> **Exercise data**:
"""

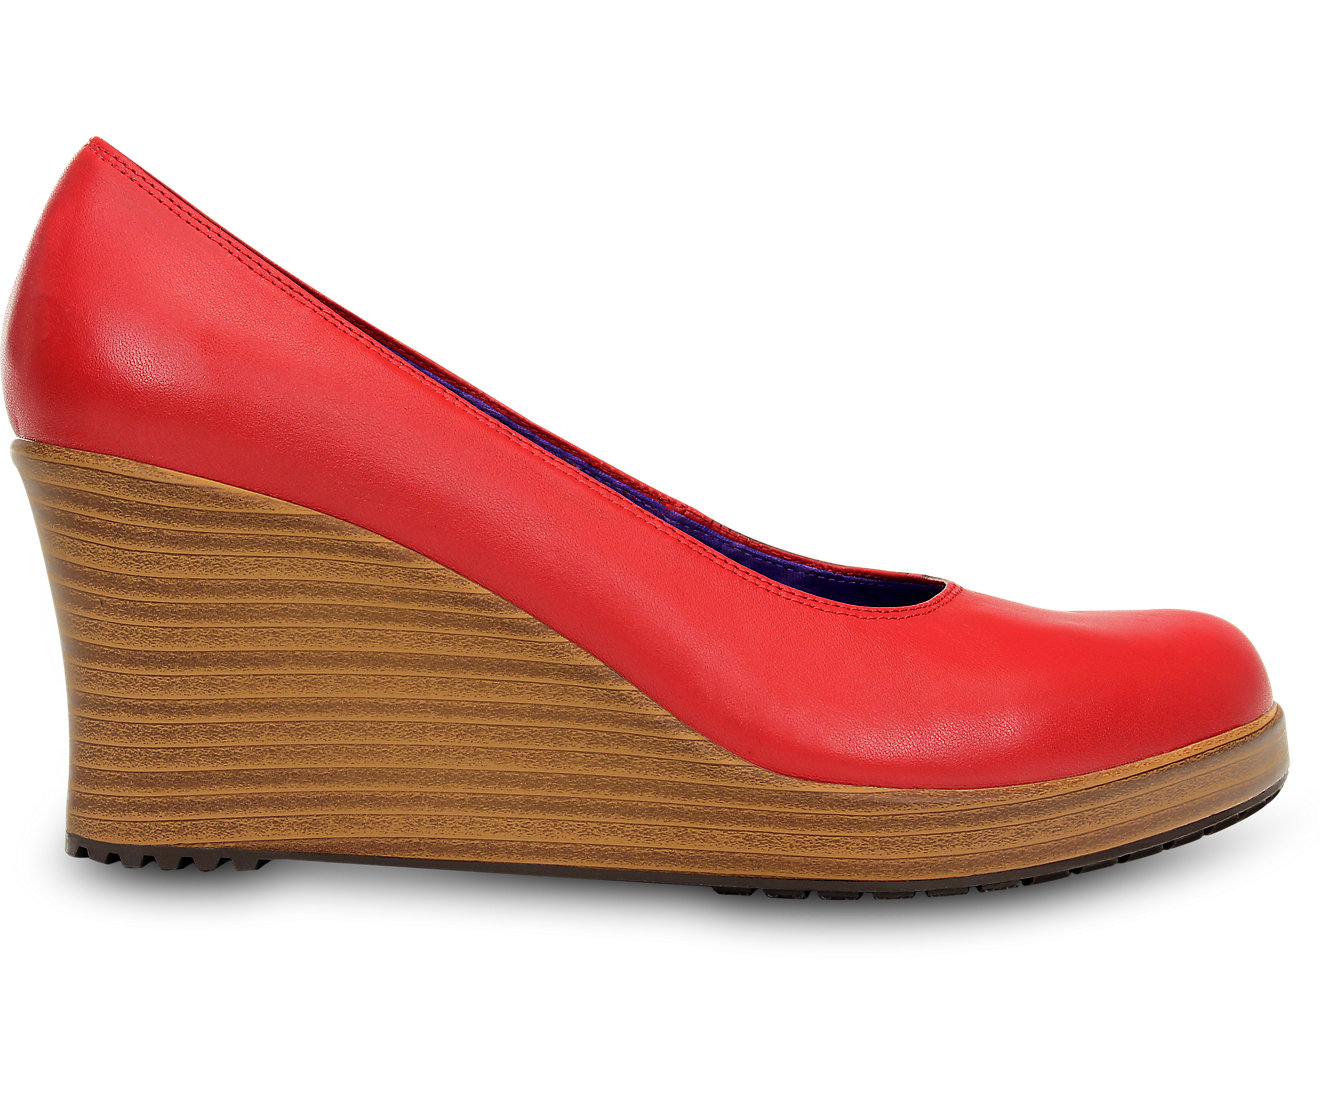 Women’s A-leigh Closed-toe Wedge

"""
"""

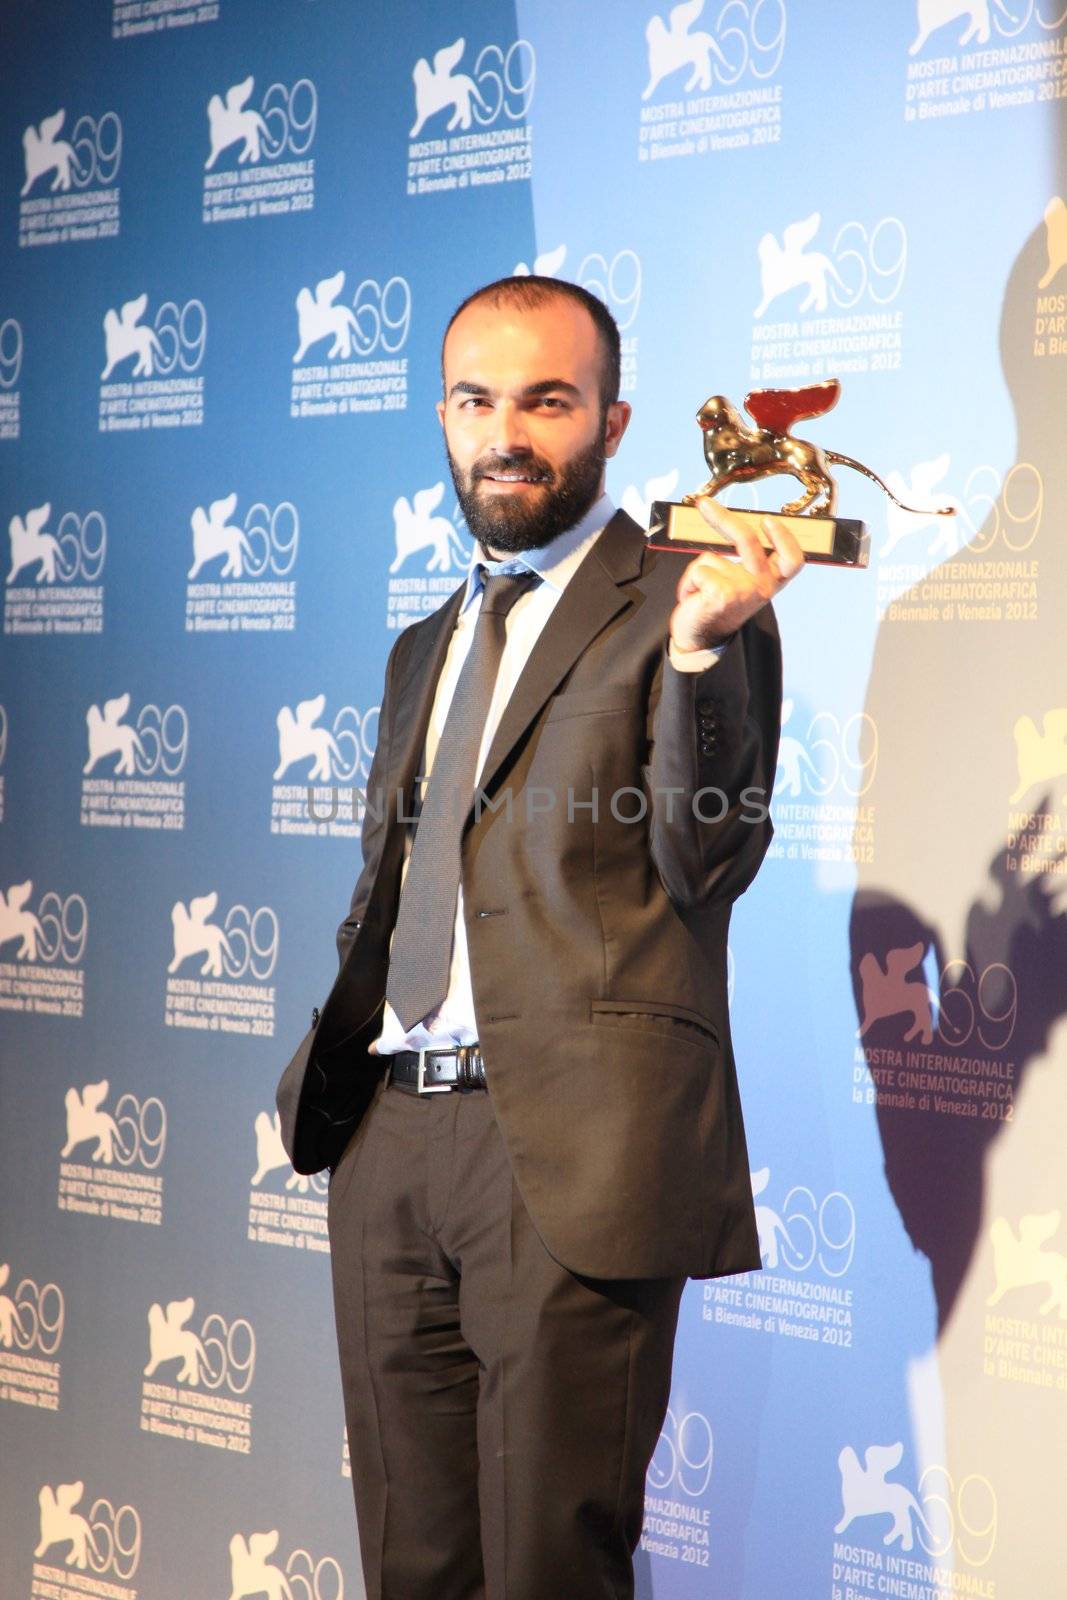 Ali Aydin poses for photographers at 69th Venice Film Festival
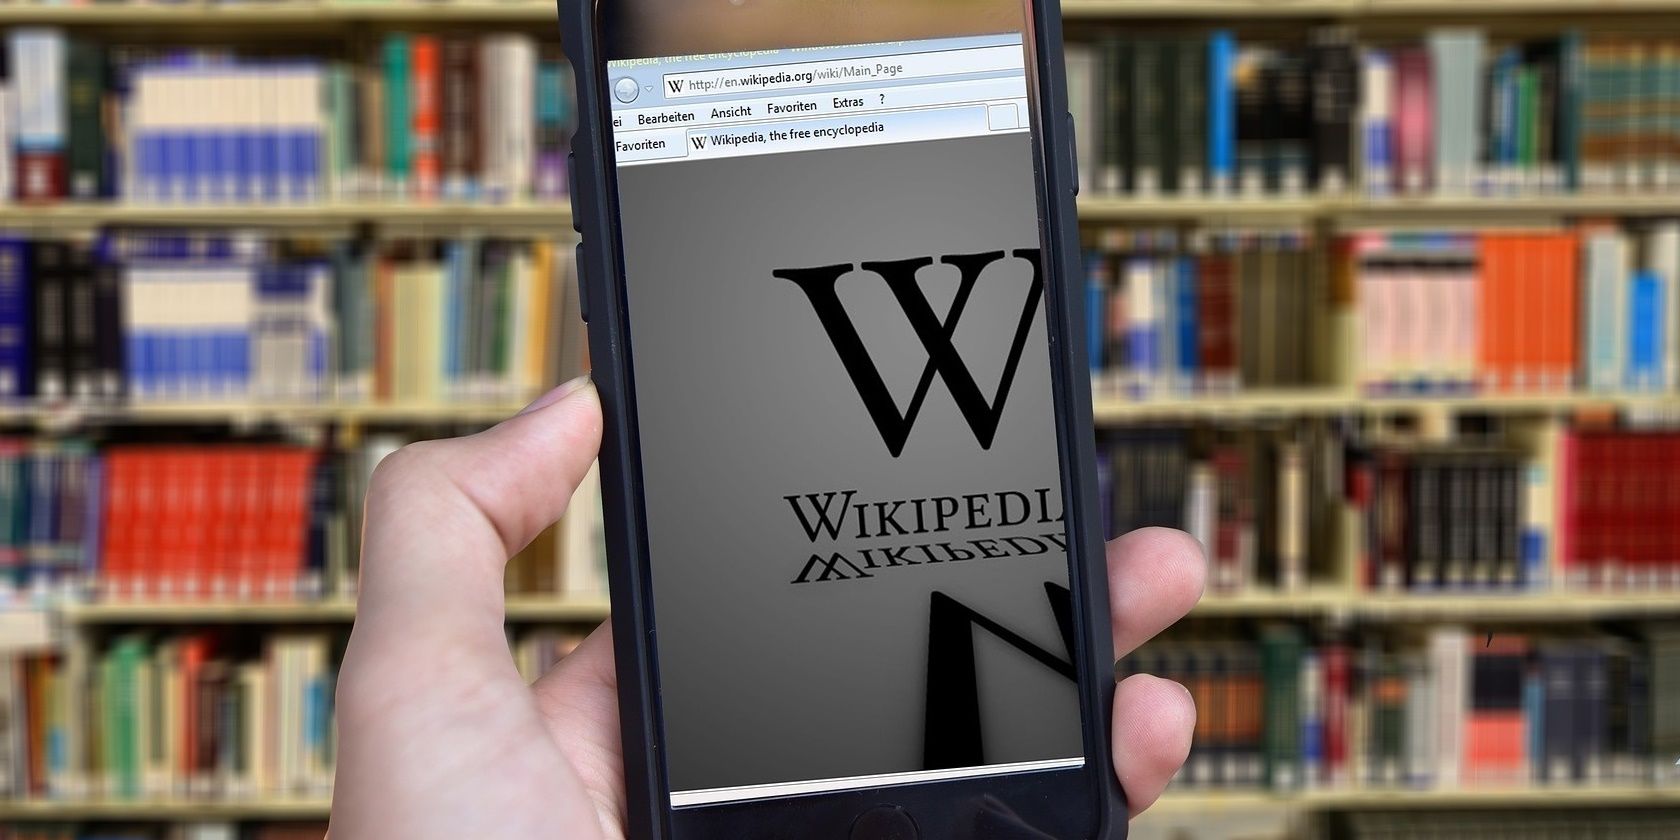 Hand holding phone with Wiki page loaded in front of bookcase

"""
"""

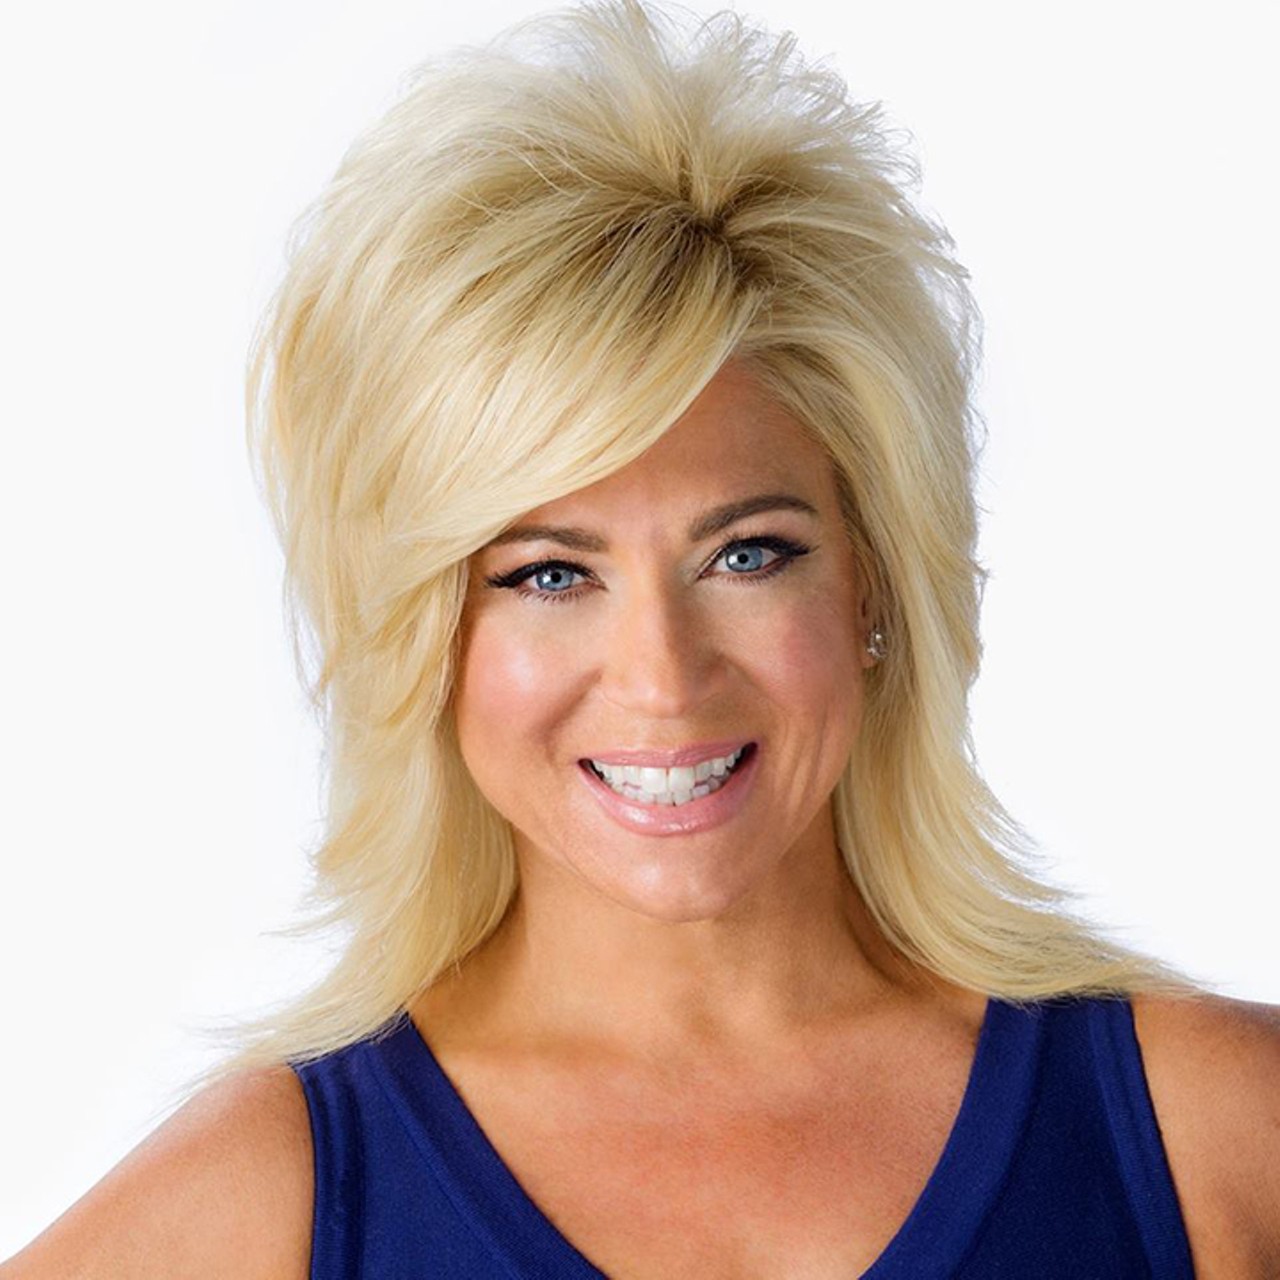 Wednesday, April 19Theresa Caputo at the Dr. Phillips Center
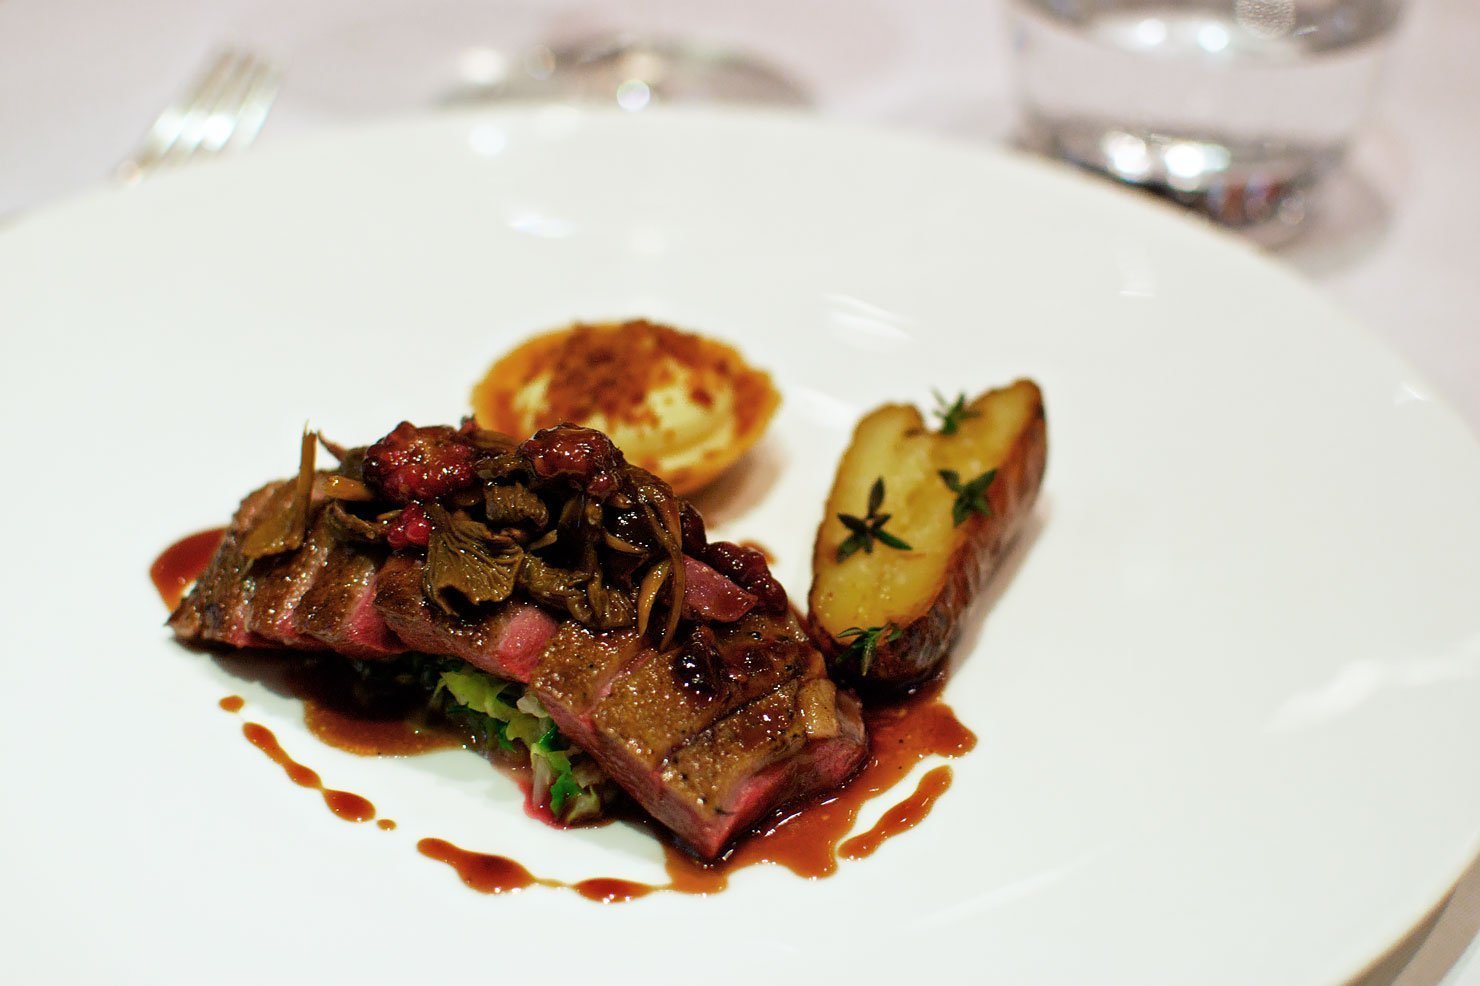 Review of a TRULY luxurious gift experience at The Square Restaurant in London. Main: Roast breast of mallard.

"""

> **Your instructions**: Set the pictures aside and reproduce exactly the lines above, from the line holding "Ali Aydin poses" through the line holding "Hand holding phone", both included, with nothing else.

> **Exercise output**:
 Ali Aydin poses for photographers at 69th Venice Film Festival
 Hand holding phone with Wiki page loaded in front of bookcase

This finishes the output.